Когда таким Рустема увидал
Сохраб – на миг сознанье потерял.
Сказал потом: «Когда ты впрямь отец мой,
Что ж злобно так ускорил ты конец мой?
«Кто ты?» – я речь с тобою заводил,
Но я любви в тебе не пробудил.
Теперь иди кольчугу расстегни мне.
Отец, на тело светлое взгляни мне.
Здесь, у плеча, – печать и талисман,
Что матерью моею был мне дан.
Когда войной пошел я на Иран
И загремел походный барабан,
Мать вслед за мной к воротам поспешила
И этот талисман твой мне вручила.
"Носи, сказала, втайне! Лишь потом
Открой его, как встретишься с отцом"».
Рустем свой знак на сыне увидал
И на себе кольчугу разодрал.
Сказал: «О сын, моей рукой убитый,
О храбрый лев мой, всюду знаменитый!»
Увы! Рустем, стеная, говорил,
Рвал волосы и кровь, не слезы, лил.
Сказал Сохраб: «Крепись! Пускай ужасна
Моя судьба, что слезы лить напрасно?
Зачем ты убиваешь сам себя,
Что в этом для меня и для тебя?
Перевернулась бытия страница,
И, верно, было так должно случиться!…»[12]
 
   – Прошу тебя, Амир-ага, прочти еще раз, – говорил обычно Хасан, и порой даже слезы блестели в его глазах.

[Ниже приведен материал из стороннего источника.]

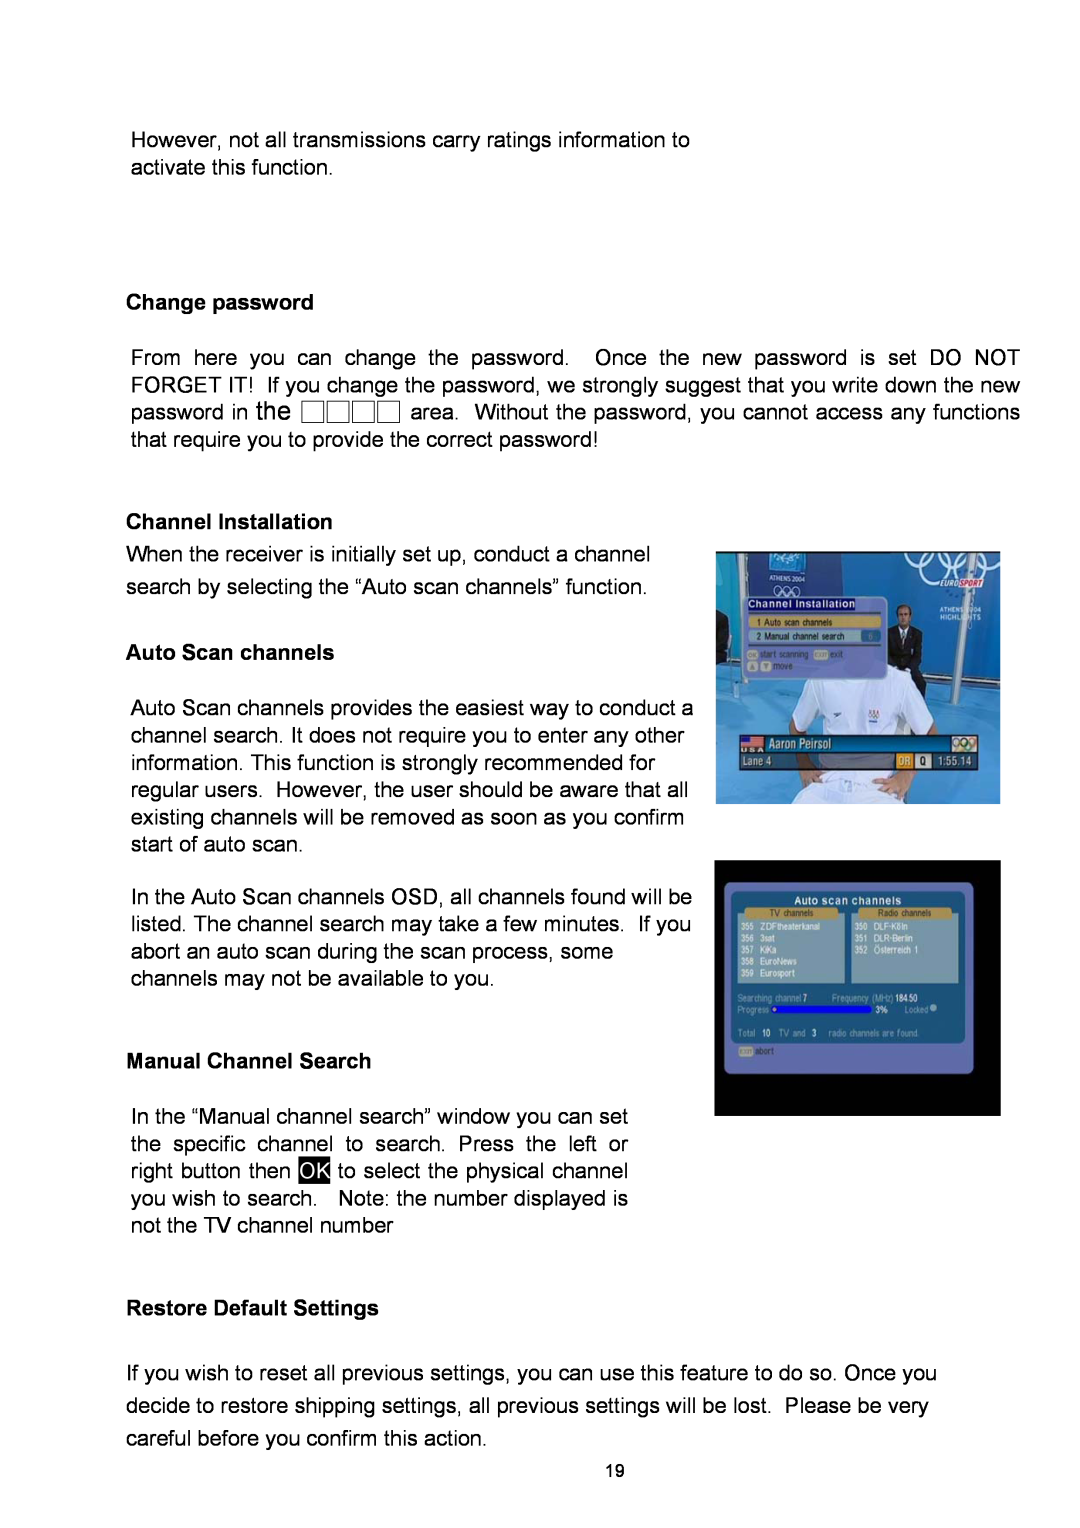 Technicolor - Thomson TU-SZT105A Change password, Channel Installation, Auto Scan channels, Manual Channel Search

   Мне всегда было интересно, кого он оплакивает: сыноубийцу Рустема, раздирающего на себе одежду и посыпающего голову пеплом, или умирающего Сохраба, который обрел отца перед самой смертью. Лично я не видел никакой трагедии в судьбе Рустема. В конце концов, наверное, каждый отец тайно желает смерти своему сыну.
   1973 год. Июль месяц. Мы на старом кладбище. Я читаю Хасану какую-то книгу и ни с того ни с сего вдруг начинаю сочинять за автора. Страницы-то я перелистываю регулярно, но излагаю свое, а не напечатанное. Хасан этого не замечает. Ведь для него каждая страница – непостижимая тайнопись, ключ от которой в моих руках. Только я могу провести его по лабиринту. Закончив, я спрашиваю Хасана, как ему рассказ. Он аплодирует в ответ, и меня разбирает смех.
   – Ты что? – с трудом выдавливаю я.
   – Давно мне не было так интересно. – Он продолжает хлопать в ладоши.
   Смех вырывается у меня наружу.
   – Правда?
   – Честное слово.
   – Это очаровательно, – бормочу я. Вот уж сюрприз так сюрприз. – Ты серьезно?
   – Замечательный рассказ, Амир-ага. Прочти мне завтра еще что-нибудь из этой книги.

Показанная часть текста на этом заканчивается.